I did two experimental spawns to see just how small of a container I could use. I did a 1 gallon and a two gallon planning to use those for 21 days. I feed mine green water from day 3-7 after hatching with a BBS feeding here and there and BBS there after until 1 month old where I start to add in frozen BBS and fry powder. I found it is extremely difficult to clean such a small tank and even though I did daily 50% water changes the fry are almost one month old and are quite small-most look like they are 1-2 weeks old. It was also extremely difficult to add and remove water without taking forever or disturbing the fry greatly. I transferred everyone to the standard 5 gallon nursery tank that I have success with and will give them two weeks. If I don't see substantial growth I'll scrap the spawns or I may cull out all but the largest and see it they continue to grow.

When feeding infusoria I add some to the tank once the fry hatch so the infusoria can really take hold by the time the fry need them. Then I add it daily. I use green water from outside-I don't think there are enough infusoria just hanging out around the plants in a tank. I actively add it. My water is alive. I can see plenty of tiny critters in there and the fry have a field day mowing them down. I prefer it as a first food just because it is always available to the fry and it won't foul the water at all. I find when I start with BBS at day three I am having to clean the bottom of the tank daily. I'd rather not disturb the fry for the first week at all. No water additions, no siphoning...nothing.

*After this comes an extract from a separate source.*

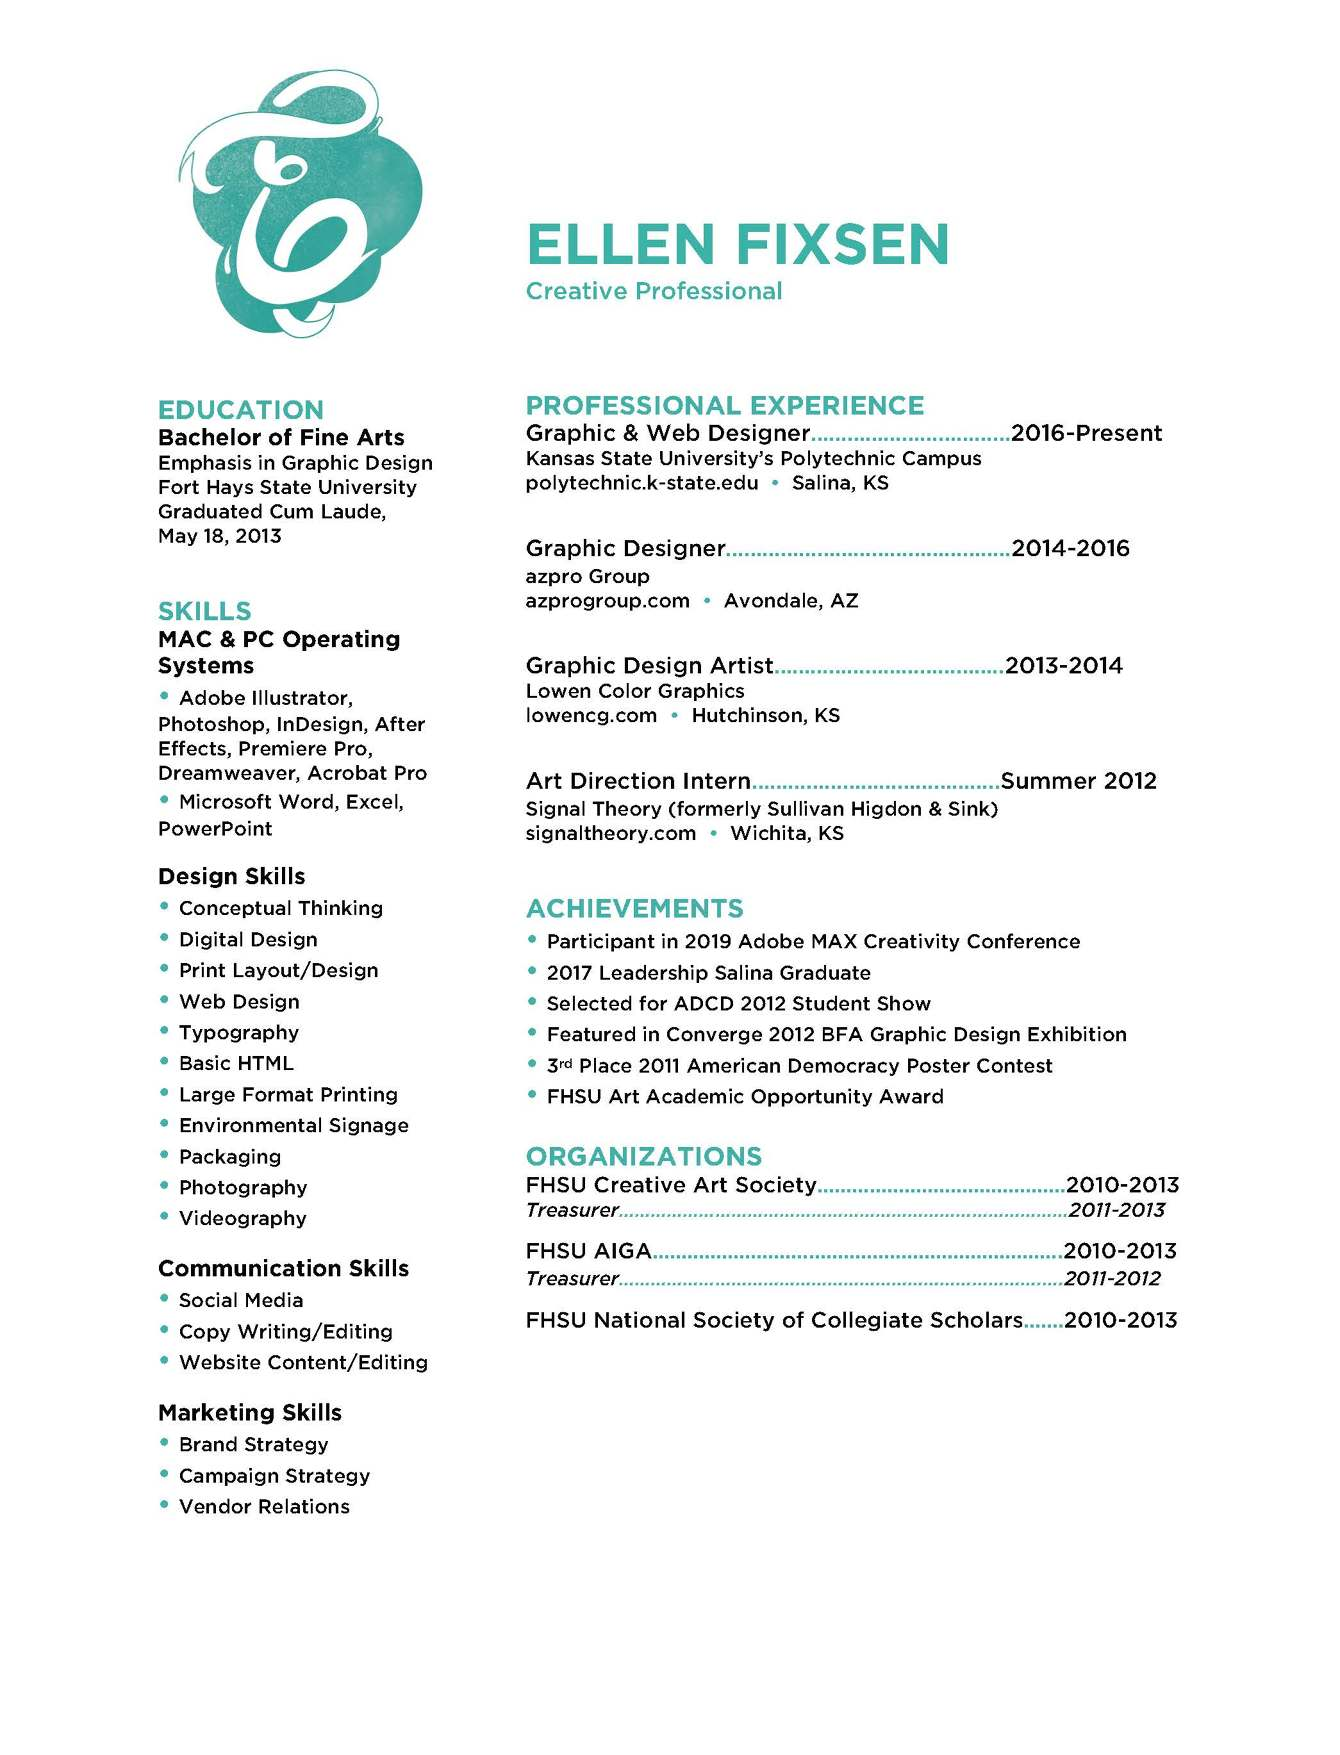 Education Experience Ellen Fixsen

I am also none to gentle with my fry. I remove water quickly, I add water quickly, I net them, etc. and honestly I lose very few from handling stress after they are two weeks old. For some reason they don't seem as hardy during the first two weeks so I do baby them a bit but after that they are handled like adult fish.


----------



## DoctorWhoLuver (Feb 23, 2012)

Thank you for all the help I'm going to try my hardest to keep the remaining fry alive. Most of the spawn has died off, about 70 to 80 and there are about 10 surviving fry. Although, some of the survivors still aren't looking so well.. Hopefully, they'll pull through


----------



## Ilikebutterflies (May 19, 2012)

There is a learning curve for sure. Are you conditioning your pair for another go-round?


----------



## DoctorWhoLuver (Feb 23, 2012)

No that was the last spawn before school starts. Maybe in a few months or so.


----------